=== Exercise instructions ===
Please return every line of the material verbatim and skip any images.

=== Data section ===

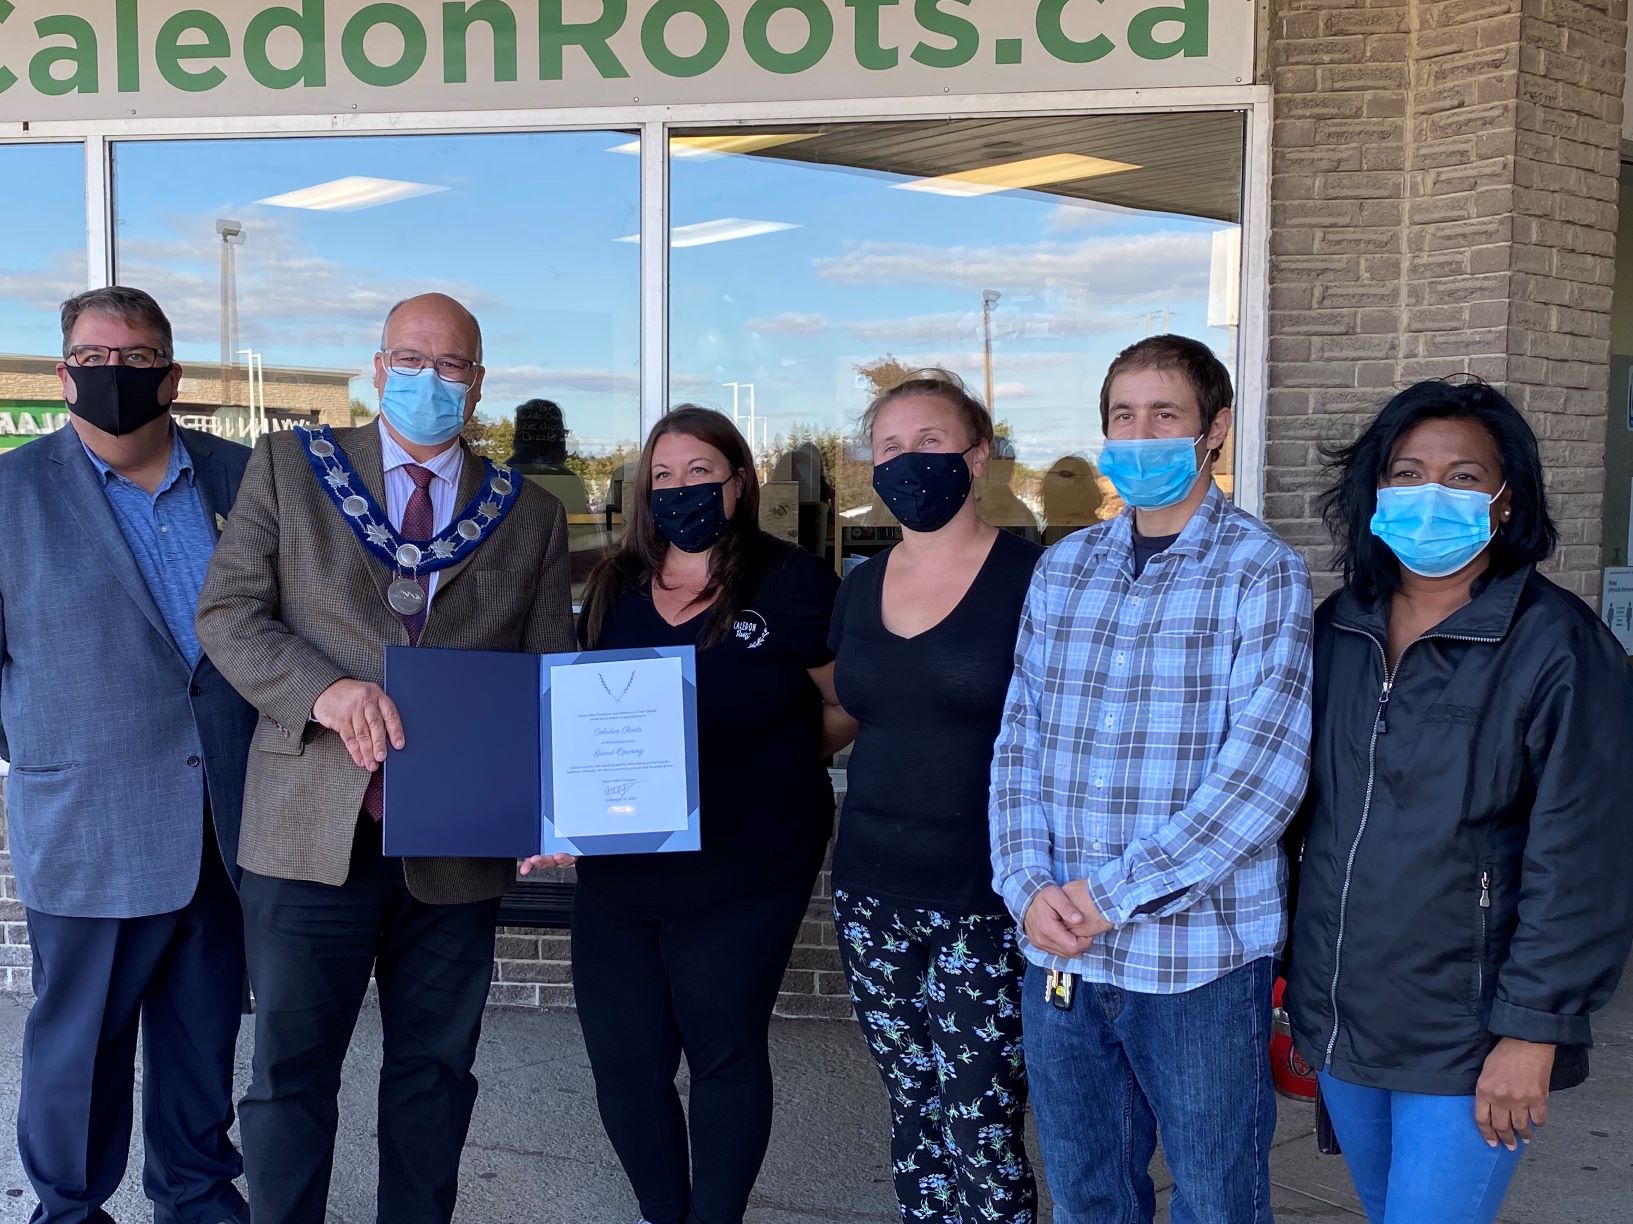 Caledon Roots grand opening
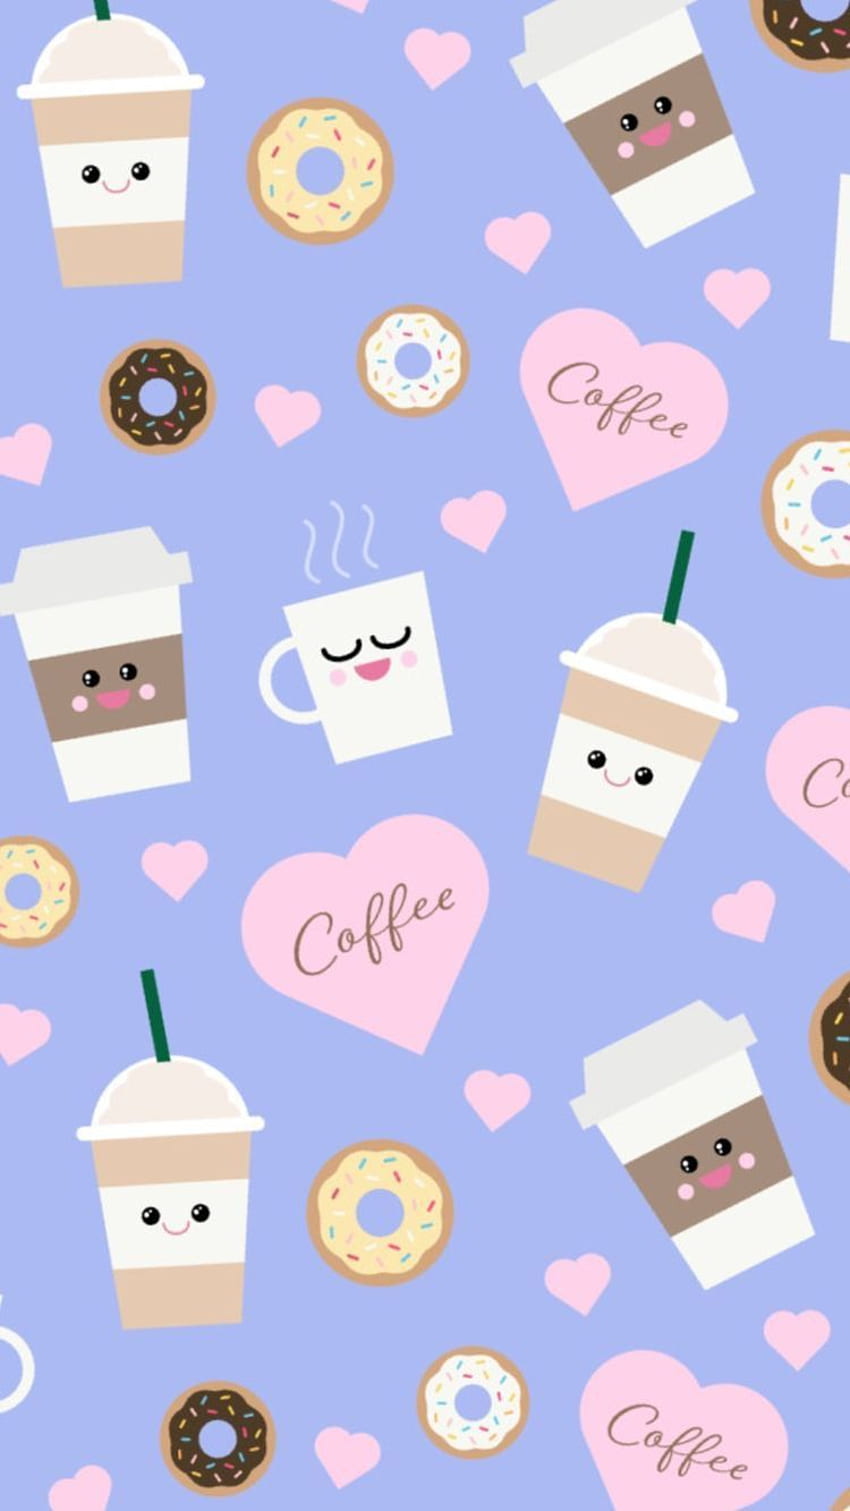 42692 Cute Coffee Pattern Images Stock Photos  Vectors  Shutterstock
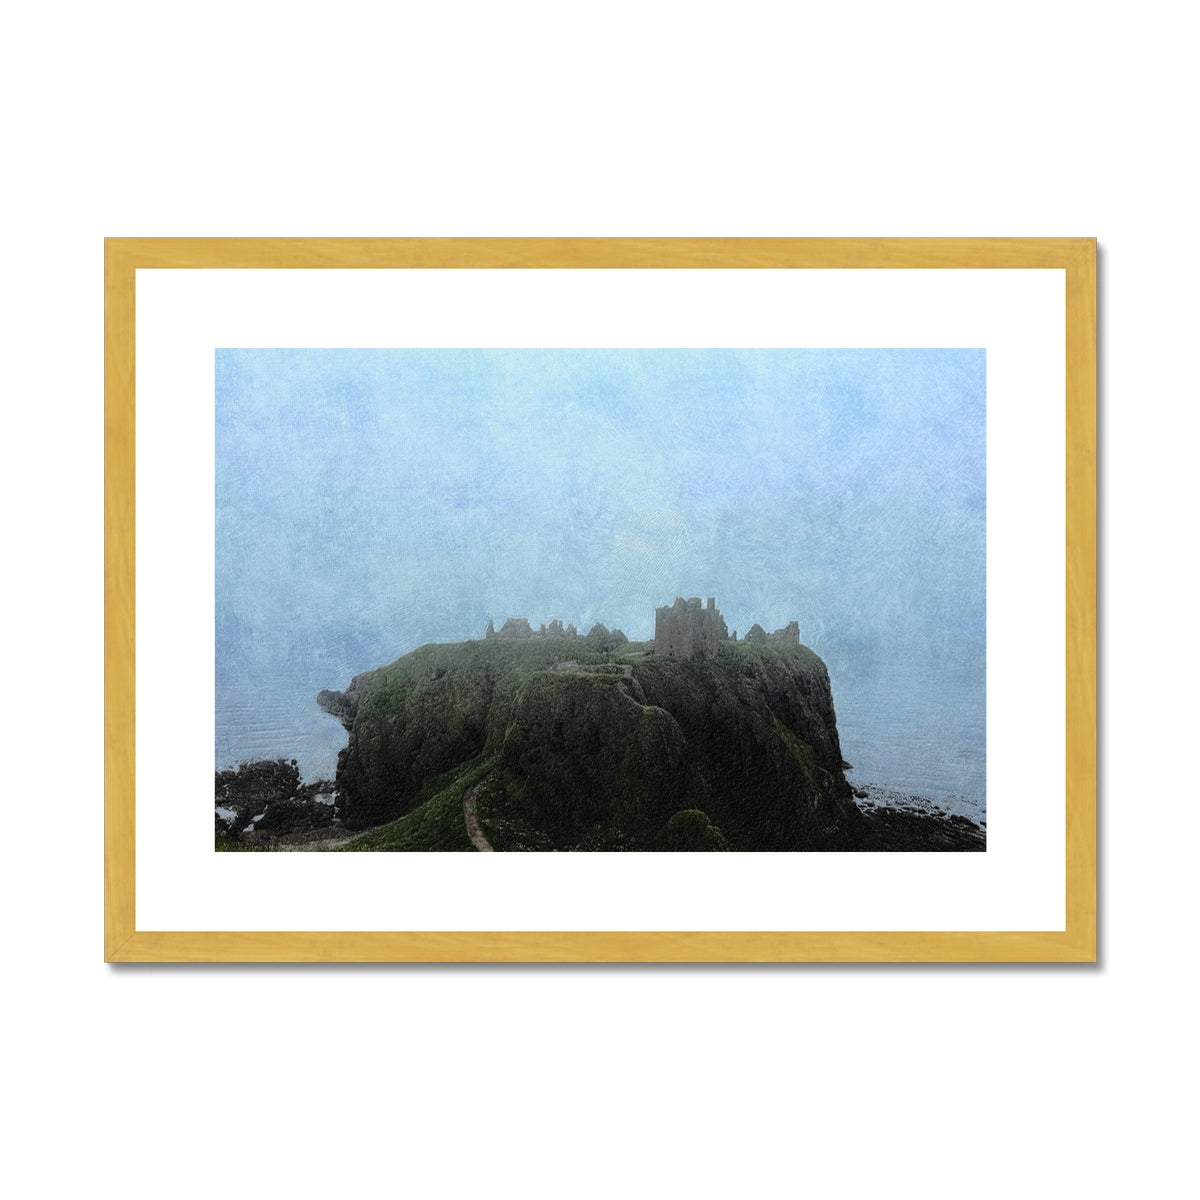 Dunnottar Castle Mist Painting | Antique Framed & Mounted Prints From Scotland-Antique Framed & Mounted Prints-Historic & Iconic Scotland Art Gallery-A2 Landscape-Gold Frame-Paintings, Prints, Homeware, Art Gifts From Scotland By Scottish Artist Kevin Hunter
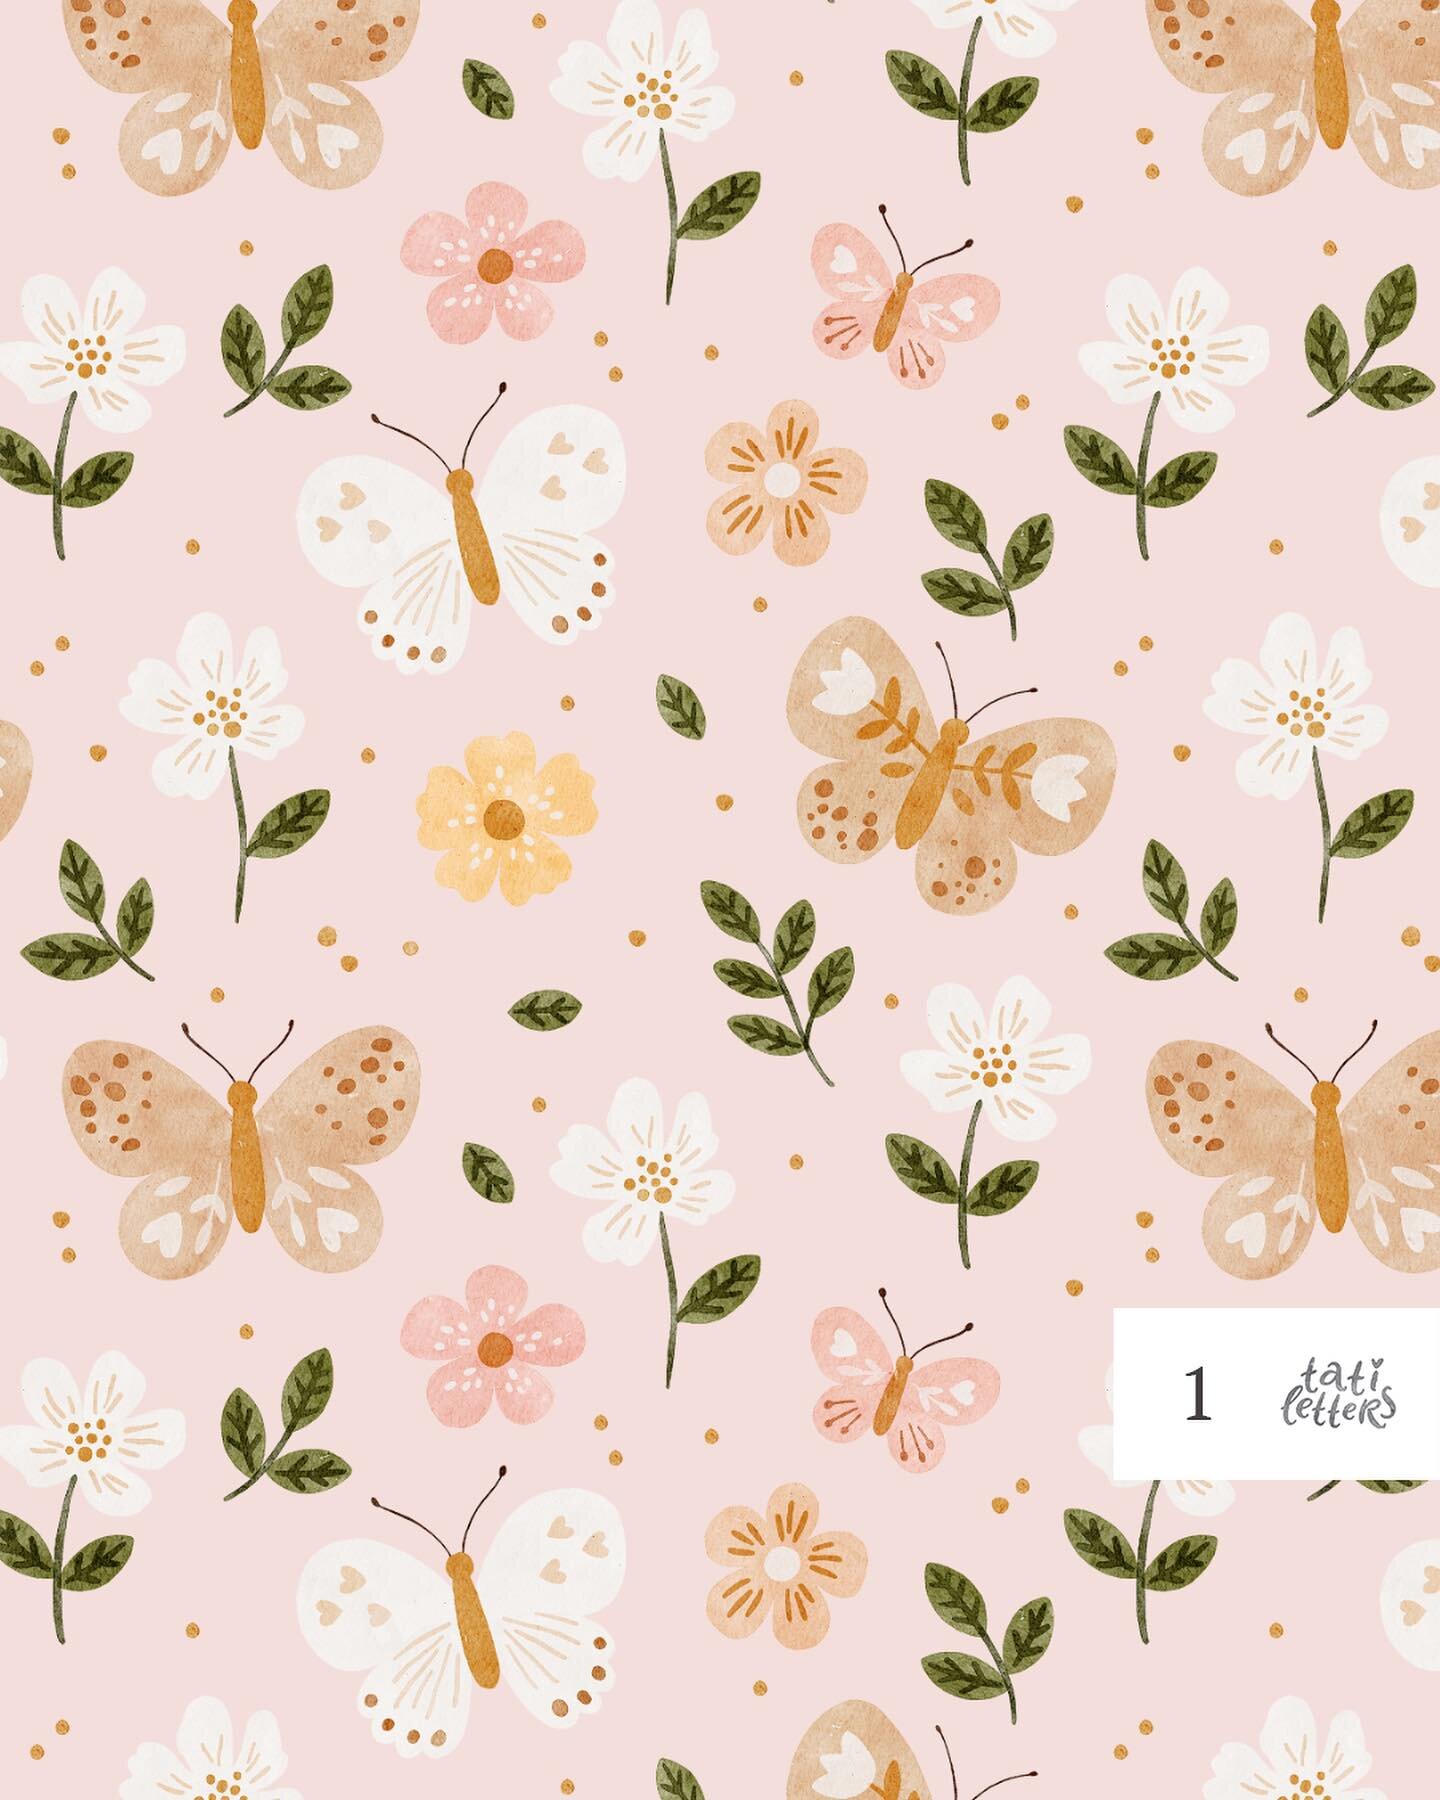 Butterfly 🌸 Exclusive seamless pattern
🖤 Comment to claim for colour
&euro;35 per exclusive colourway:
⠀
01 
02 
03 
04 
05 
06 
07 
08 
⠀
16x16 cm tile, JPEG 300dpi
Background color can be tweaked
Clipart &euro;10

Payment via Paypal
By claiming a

=== Output for this task ===
 Caledon Roots grand opening
 42692 Cute Coffee Pattern Images Stock Photos  Vectors  Shutterstock
 Dunnottar Castle Mist Painting | Antique Framed & Mounted Prints From Scotland-Antique Framed & Mounted Prints-Historic & Iconic Scotland Art Gallery-A2 Landscape-Gold Frame-Paintings, Prints, Homeware, Art Gifts From Scotland By Scottish Artist Kevin Hunter
 Butterfly 🌸 Exclusive seamless pattern
🖤 Comment to claim for colour
&euro;35 per exclusive colourway:
⠀
01 
02 
03 
04 
05 
06 
07 
08 
⠀
16x16 cm tile, JPEG 300dpi
Background color can be tweaked
Clipart &euro;10

Payment via Paypal
By claiming a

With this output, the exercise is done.